- TASK -
Restate word for word the entries below, starting at the line with "Fortnite Geburtstagstorte" and ending at the line with "Fortnite Battle Royale Birthday Cake". Keep both end lines and omit the pictures.

- EXTRACTED DATA -
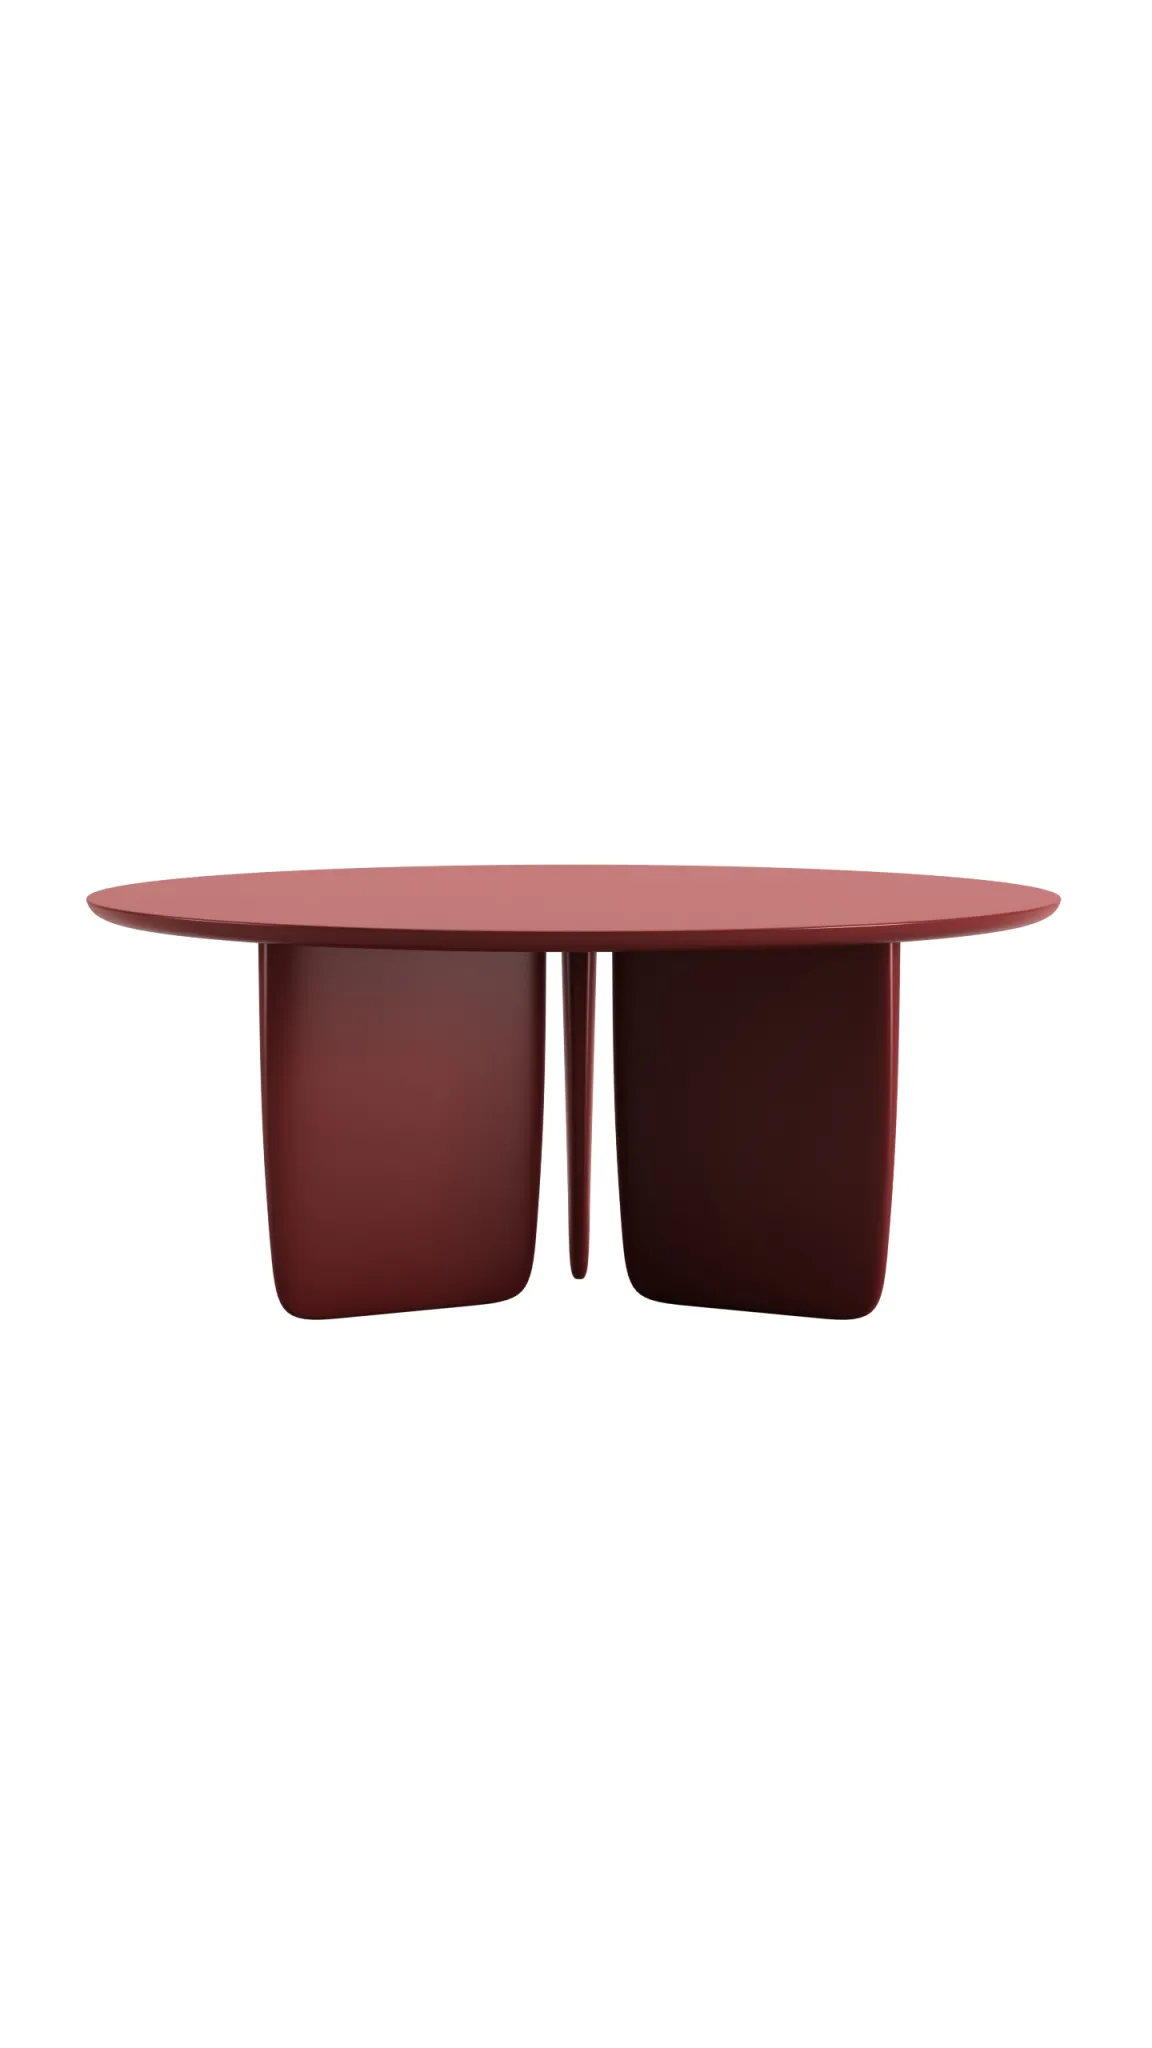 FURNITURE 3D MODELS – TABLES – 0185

* * *

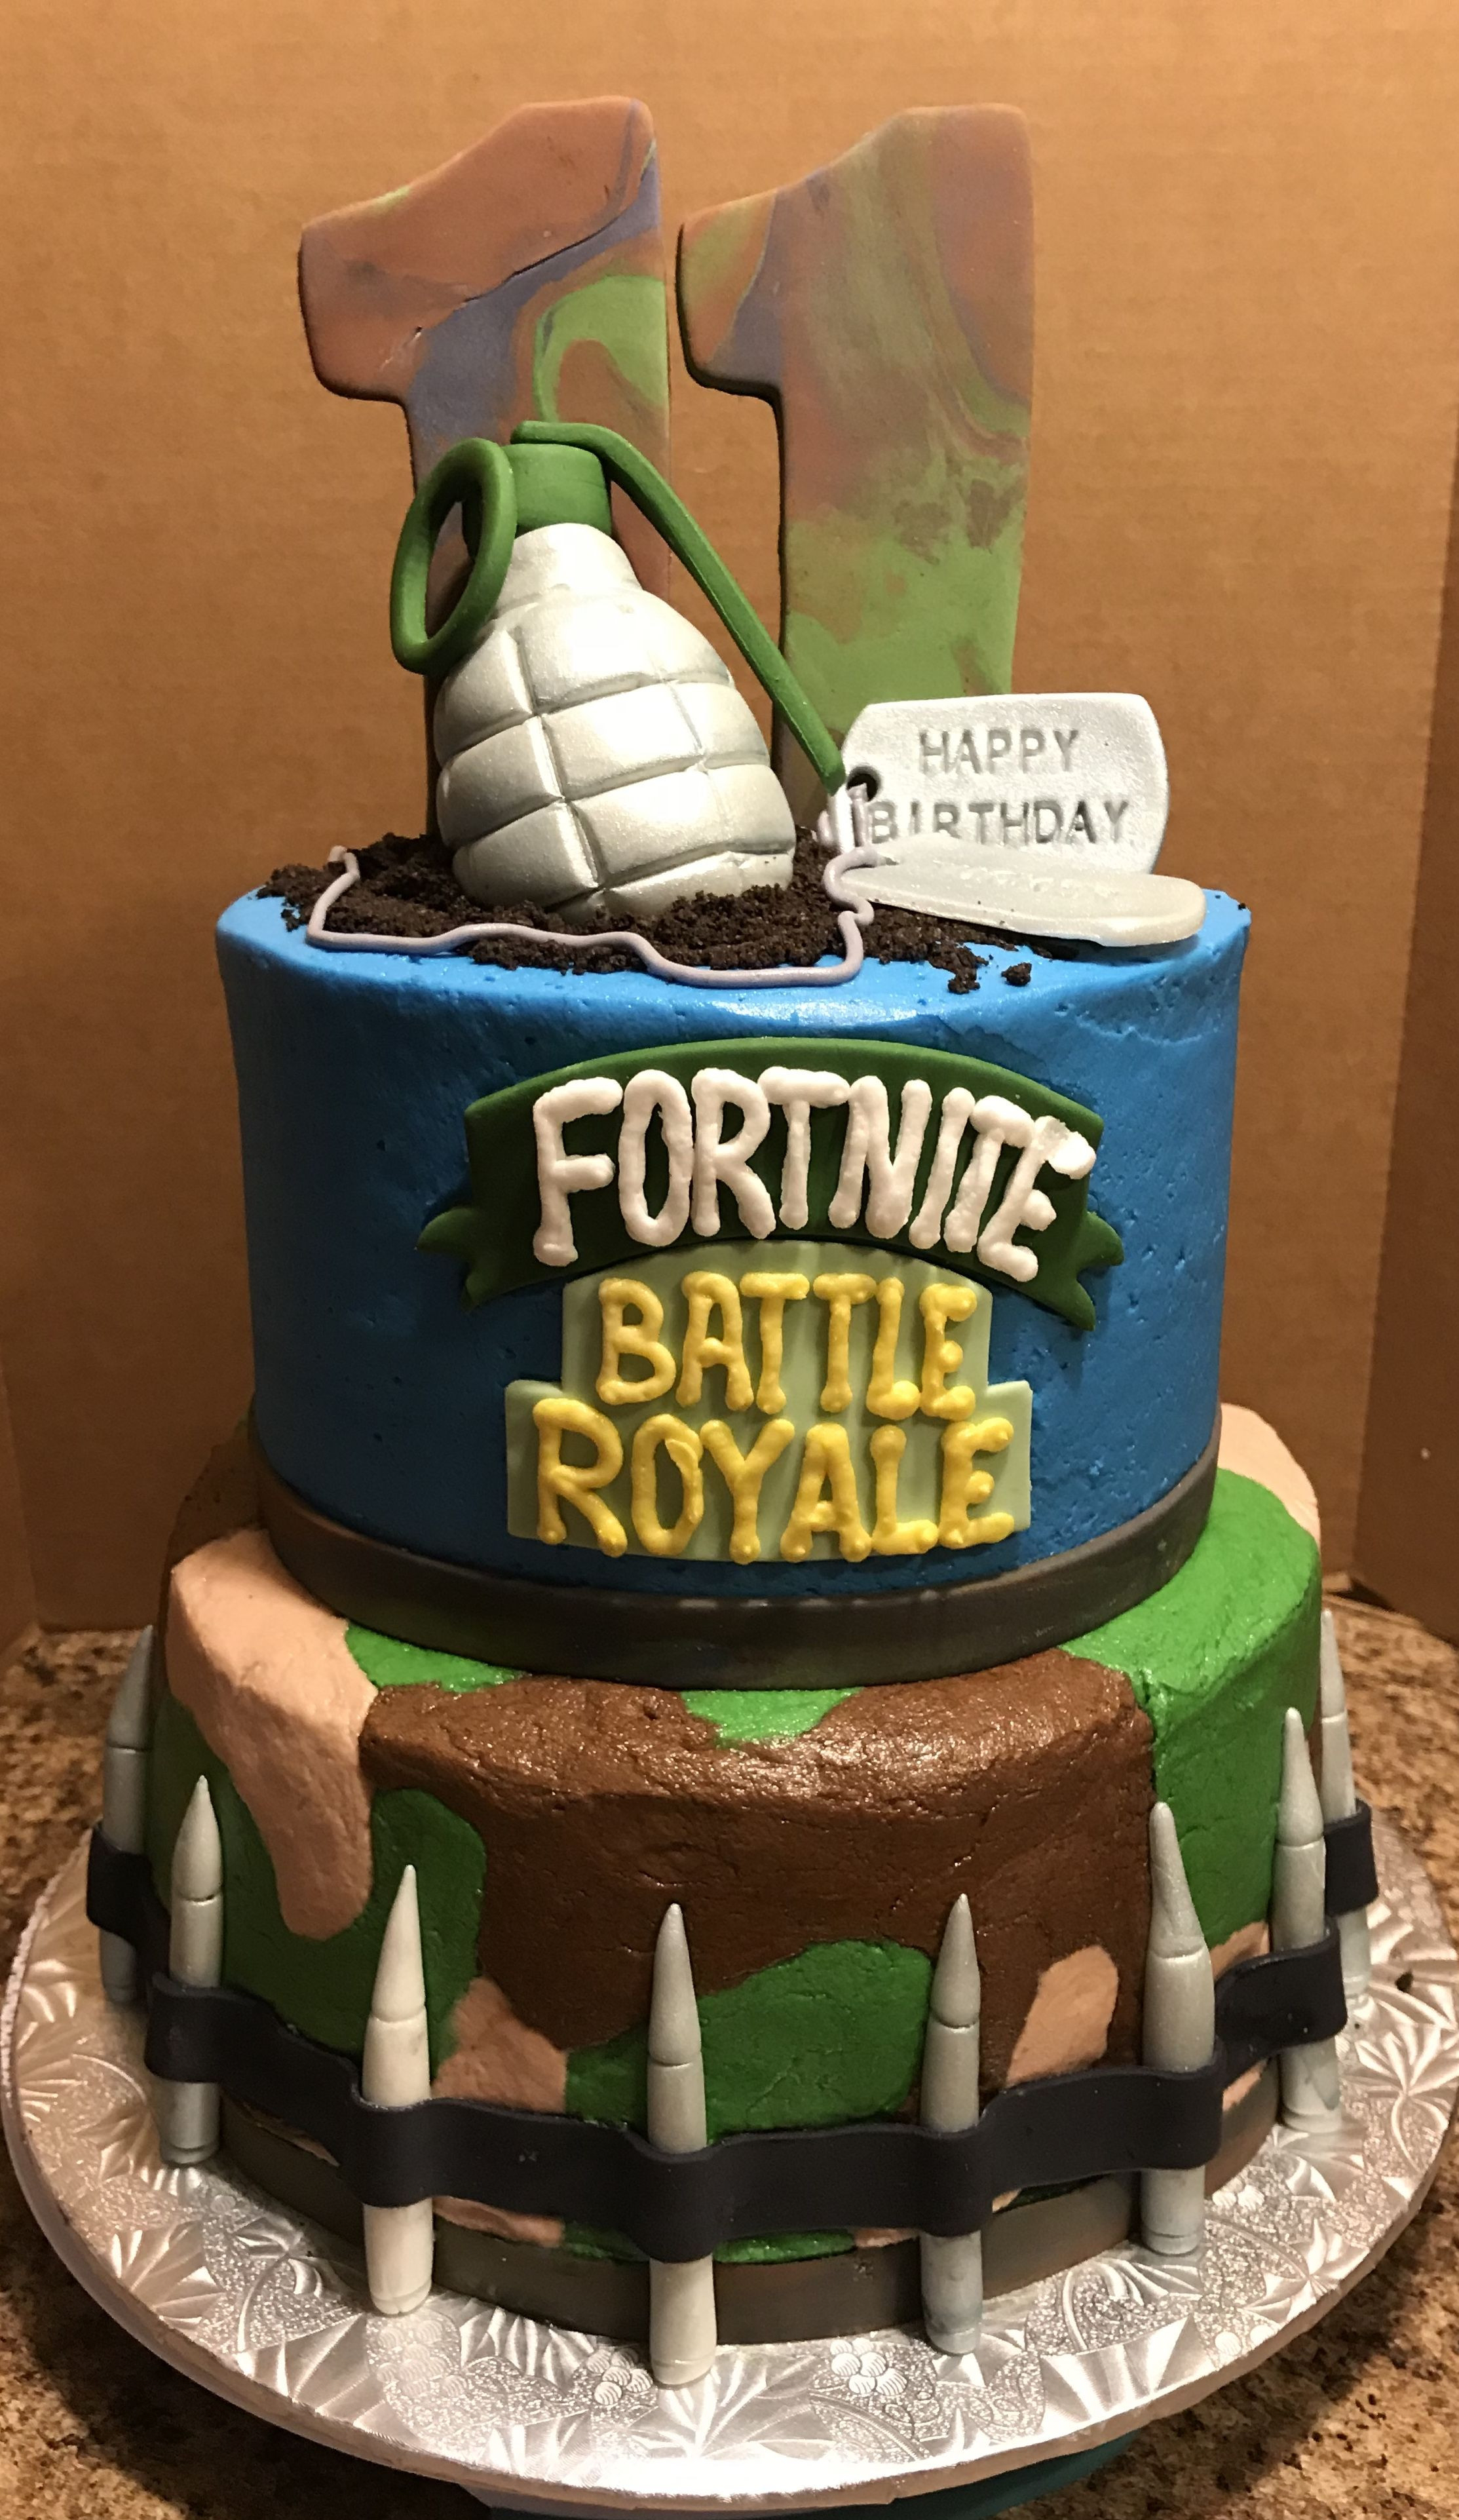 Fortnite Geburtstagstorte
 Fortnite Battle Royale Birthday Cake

==

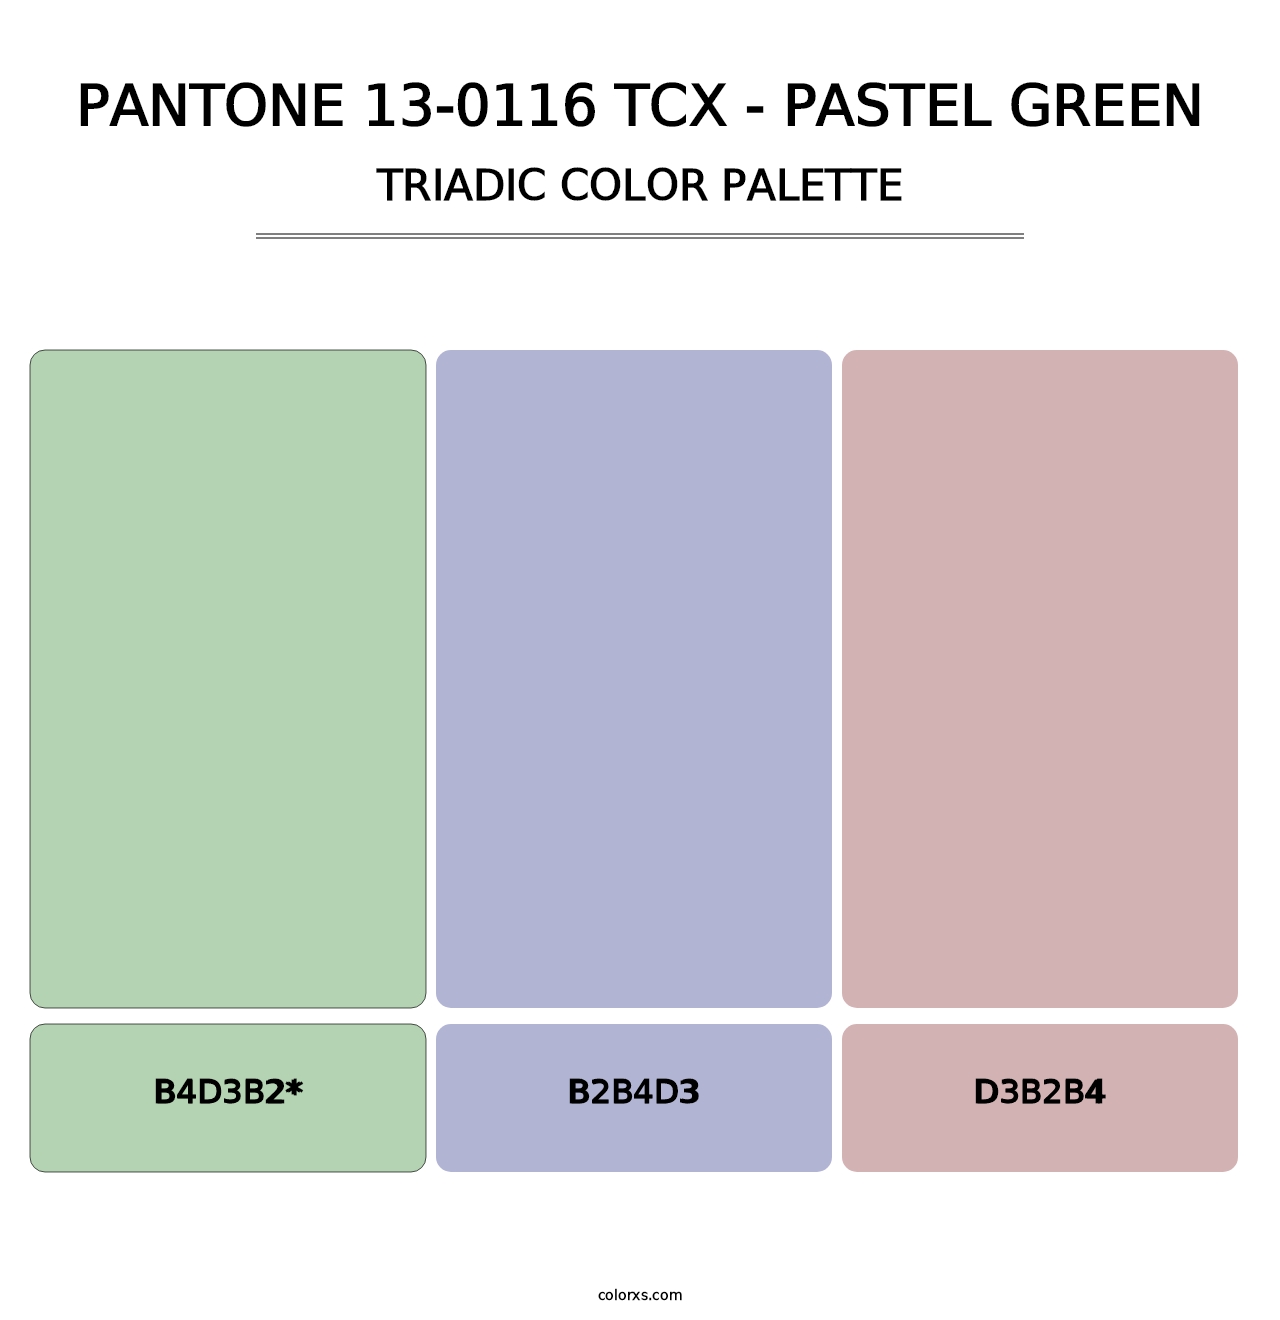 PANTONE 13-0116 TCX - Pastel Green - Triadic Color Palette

- WRITTEN ANSWER -
 Fortnite Geburtstagstorte
 Fortnite Battle Royale Birthday Cake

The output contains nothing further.